Roger Nelson, one of the five guinea pigs in the trial, said the treatment had improved his ability to talk, walk, smile and laugh. "It is not something I expected to change that rapidly, but one of the things people with Parkinson's experience is a lost sense of smell," said Mr Nelson, 51, a former marketing director from Bristol.

"I had the operation on the Friday and by Sunday lunchtime I could smell. Very shortly after I noticed that I could be a bit more articulate. Speech had become fairly difficult," he said. "My wife passed a slightly risqué comment just after I got home from hospital and I burst out laughing, which I hadn't been able to do for several years.

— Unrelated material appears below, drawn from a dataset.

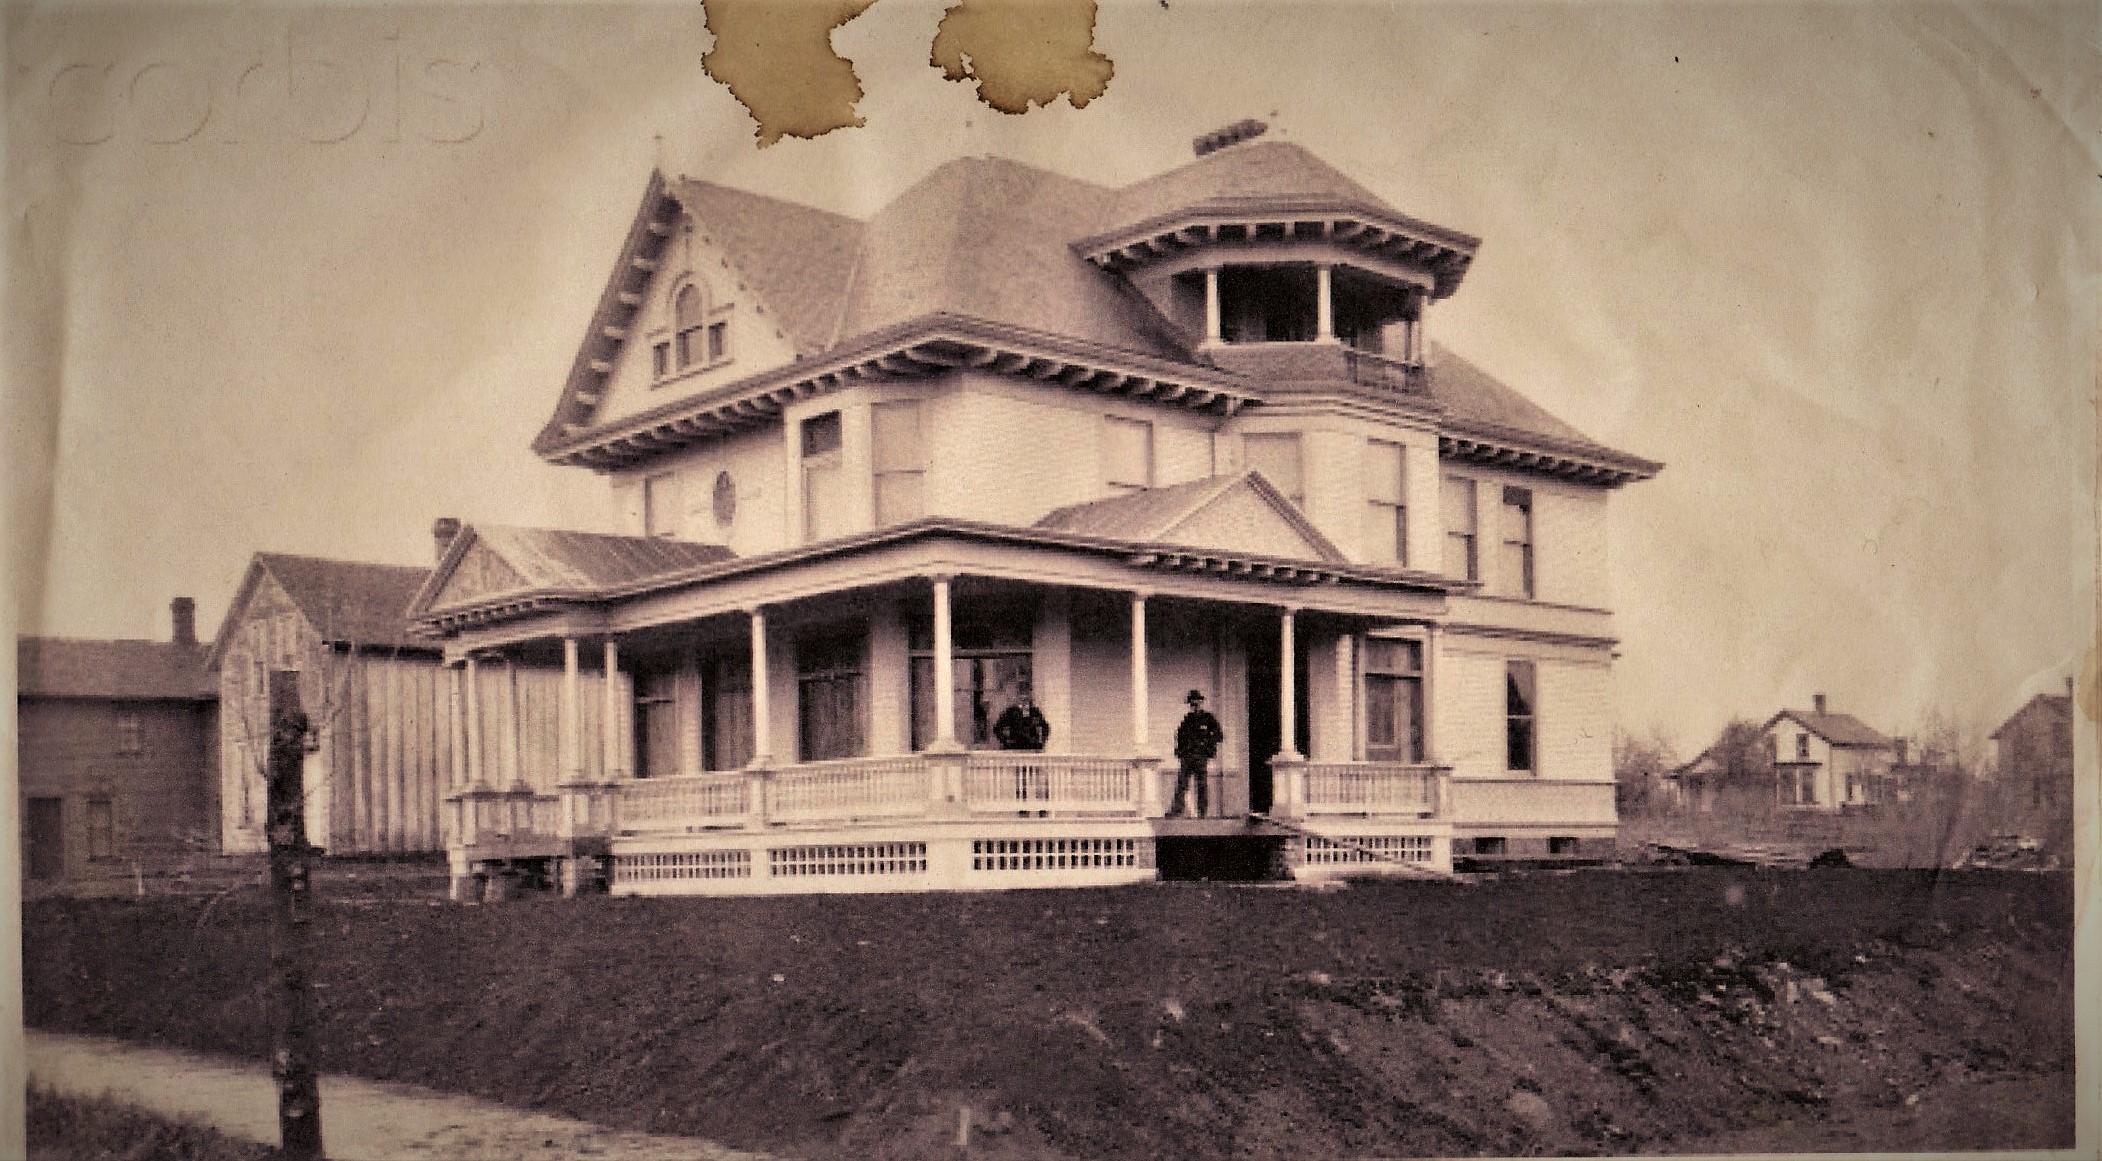 Historic photo of Kinzler House

"It has been progressive, little changes. We used to be quite keen bridge players and I got to the stage where I could not deal or shuffle the cards but now I can fan the cards and pick them out and play again," said Mr Nelson, who had the operation last May.

Steven Gill, the consultant neurosurgeon who treated the patients at the Frenchay hospital in Bristol, said that the drug, called glial derived neurotrophic factor (GDNF), stimulated cell growth naturally in the brain. The drug worked especially well on nerve cells that produced the neurotransmitter dopamine – a chemical messenger that was lacking in people with Parkinson's.

Symptoms of the disease range from slowness of movement, a shuffling gait and stiffness to tremors, depression and an impaired ability to think. Scientists have identified the cause as a degeneration of the dopamine-producing nerve cells in the dorsal putamen region of the brain.

Dr Gill said: "We can deliver [GDNF] very precisely to areas in the brain in the concentrations we need to cause recovery and we can control that very precisely.

"We thought that this drug would take some months or years to be effective [but] we found that really within a month or two patients were noticing significant changes."

Each patient was fitted with two pumps buried in the abdominal cavity, which supplied small and carefully controlled quantities of GDNF to the brain's dorsal putamen through pipes connected to catheters inserted through the skull.

A statement from the hospital said: "The preliminary results have shown marked improvement in the symptoms for all five patients. This is the first time that such improvement in a chronic neurological disease has occurred following infusion of a growth factor."

The treatment is, however, still in its infancy and further trials will be needed on a larger number of patients before the therapy can be extended to all patients. "If this treatment proves successful and safe, then it may become more widely available, which would not be for at least a further four to five years," the hospital said.

Mr Nelson, who is still receiving regular courses of the treatment, said he hoped the improvement in his condition would continue. "Walking was also a problem. I used to get very severe dystonia [an involuntary writhing action]. Today, although I still get it, it is much, much less and I can now walk more than a mile before I experience dystonia. It has really improved my mobility dramatically," he said.

Mr Nelson, who is married with two children, said he was diagnosed with Parkinson's several years after he first noticed something was wrong.

"I realised something was not quite right and nobody could quite put their finger on it," he said. "I had a tremor in my right hand and small handwriting – it was my secretary who complained that she could not read my writing any more – but it was some time before I sought some consultation. I was told I had a crick in my neck, a slipped disc in my spine but ultimately it was Parkinson's."

Mr Nelson said he first learnt about the new treatment in February last year at a chance meeting with a consultant looking for volunteers for the trials. He added: "From my personal experience I can only hope that it [the treatment] represents hope for people with Parkinson's but it is early days yet. We are only 12 to 15 months into the trial and it is going to take quite some time for everything to be established.

"But there is no doubt that it has made a very important, positive change to my way of life and hopefully it will be so for others."